• [Records provided]:
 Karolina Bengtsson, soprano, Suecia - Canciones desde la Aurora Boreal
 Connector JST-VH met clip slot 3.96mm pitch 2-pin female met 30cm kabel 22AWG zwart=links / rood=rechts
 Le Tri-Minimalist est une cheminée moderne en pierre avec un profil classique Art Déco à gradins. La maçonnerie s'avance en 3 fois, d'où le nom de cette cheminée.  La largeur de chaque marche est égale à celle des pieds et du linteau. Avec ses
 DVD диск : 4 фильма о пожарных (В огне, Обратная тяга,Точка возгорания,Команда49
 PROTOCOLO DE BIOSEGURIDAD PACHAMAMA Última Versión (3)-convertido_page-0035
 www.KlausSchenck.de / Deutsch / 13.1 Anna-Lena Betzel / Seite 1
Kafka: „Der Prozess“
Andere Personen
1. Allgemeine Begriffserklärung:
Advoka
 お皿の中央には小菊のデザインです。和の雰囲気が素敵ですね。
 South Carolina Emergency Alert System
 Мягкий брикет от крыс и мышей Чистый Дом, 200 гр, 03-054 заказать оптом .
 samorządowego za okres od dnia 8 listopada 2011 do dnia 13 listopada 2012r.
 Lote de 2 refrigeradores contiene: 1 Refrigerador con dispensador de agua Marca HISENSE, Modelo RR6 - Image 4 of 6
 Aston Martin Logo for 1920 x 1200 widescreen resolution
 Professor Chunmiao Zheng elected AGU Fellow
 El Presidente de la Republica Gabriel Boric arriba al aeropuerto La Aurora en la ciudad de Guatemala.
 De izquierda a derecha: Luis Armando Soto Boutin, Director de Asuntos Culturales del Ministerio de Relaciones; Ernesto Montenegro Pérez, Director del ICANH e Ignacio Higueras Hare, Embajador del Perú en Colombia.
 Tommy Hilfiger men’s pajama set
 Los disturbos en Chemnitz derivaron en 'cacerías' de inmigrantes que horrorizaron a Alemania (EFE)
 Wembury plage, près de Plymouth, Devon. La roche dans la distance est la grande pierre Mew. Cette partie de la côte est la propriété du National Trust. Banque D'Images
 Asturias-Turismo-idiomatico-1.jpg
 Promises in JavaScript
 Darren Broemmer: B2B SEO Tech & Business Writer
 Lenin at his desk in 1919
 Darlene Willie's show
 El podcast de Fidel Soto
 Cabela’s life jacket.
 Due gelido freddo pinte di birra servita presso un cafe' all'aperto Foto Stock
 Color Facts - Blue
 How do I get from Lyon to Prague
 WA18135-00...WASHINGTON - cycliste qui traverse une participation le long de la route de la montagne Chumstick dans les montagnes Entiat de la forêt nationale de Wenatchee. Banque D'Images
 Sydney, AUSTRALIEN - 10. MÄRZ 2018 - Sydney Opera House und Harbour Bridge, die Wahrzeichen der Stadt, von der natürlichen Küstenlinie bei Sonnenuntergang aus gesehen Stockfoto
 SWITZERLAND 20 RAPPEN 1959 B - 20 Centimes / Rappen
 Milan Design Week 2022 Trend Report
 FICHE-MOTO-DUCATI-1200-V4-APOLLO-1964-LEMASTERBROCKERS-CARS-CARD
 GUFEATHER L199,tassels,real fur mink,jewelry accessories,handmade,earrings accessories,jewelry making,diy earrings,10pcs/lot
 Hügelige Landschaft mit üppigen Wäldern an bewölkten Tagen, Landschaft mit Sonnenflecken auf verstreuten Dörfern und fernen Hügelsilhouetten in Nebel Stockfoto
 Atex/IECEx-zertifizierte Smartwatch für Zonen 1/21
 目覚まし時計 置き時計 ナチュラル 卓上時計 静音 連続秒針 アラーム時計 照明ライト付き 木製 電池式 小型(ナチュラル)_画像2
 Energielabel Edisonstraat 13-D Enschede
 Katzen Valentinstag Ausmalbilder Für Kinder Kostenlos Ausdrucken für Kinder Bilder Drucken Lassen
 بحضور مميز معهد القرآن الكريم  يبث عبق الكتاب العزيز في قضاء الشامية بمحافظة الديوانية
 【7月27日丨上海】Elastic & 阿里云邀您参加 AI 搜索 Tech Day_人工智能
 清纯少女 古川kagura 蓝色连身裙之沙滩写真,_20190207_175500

• [To do]:
Referring to the material above, set down exactly the lines between the line with "GUFEATHER L199,tassels,real fur" and the line with "Katzen Valentinstag Ausmalbilder", inclusive, and no other lines.

• [Response to this exercise]:
 GUFEATHER L199,tassels,real fur mink,jewelry accessories,handmade,earrings accessories,jewelry making,diy earrings,10pcs/lot
 Hügelige Landschaft mit üppigen Wäldern an bewölkten Tagen, Landschaft mit Sonnenflecken auf verstreuten Dörfern und fernen Hügelsilhouetten in Nebel Stockfoto
 Atex/IECEx-zertifizierte Smartwatch für Zonen 1/21
 目覚まし時計 置き時計 ナチュラル 卓上時計 静音 連続秒針 アラーム時計 照明ライト付き 木製 電池式 小型(ナチュラル)_画像2
 Energielabel Edisonstraat 13-D Enschede
 Katzen Valentinstag Ausmalbilder Für Kinder Kostenlos Ausdrucken für Kinder Bilder Drucken Lassen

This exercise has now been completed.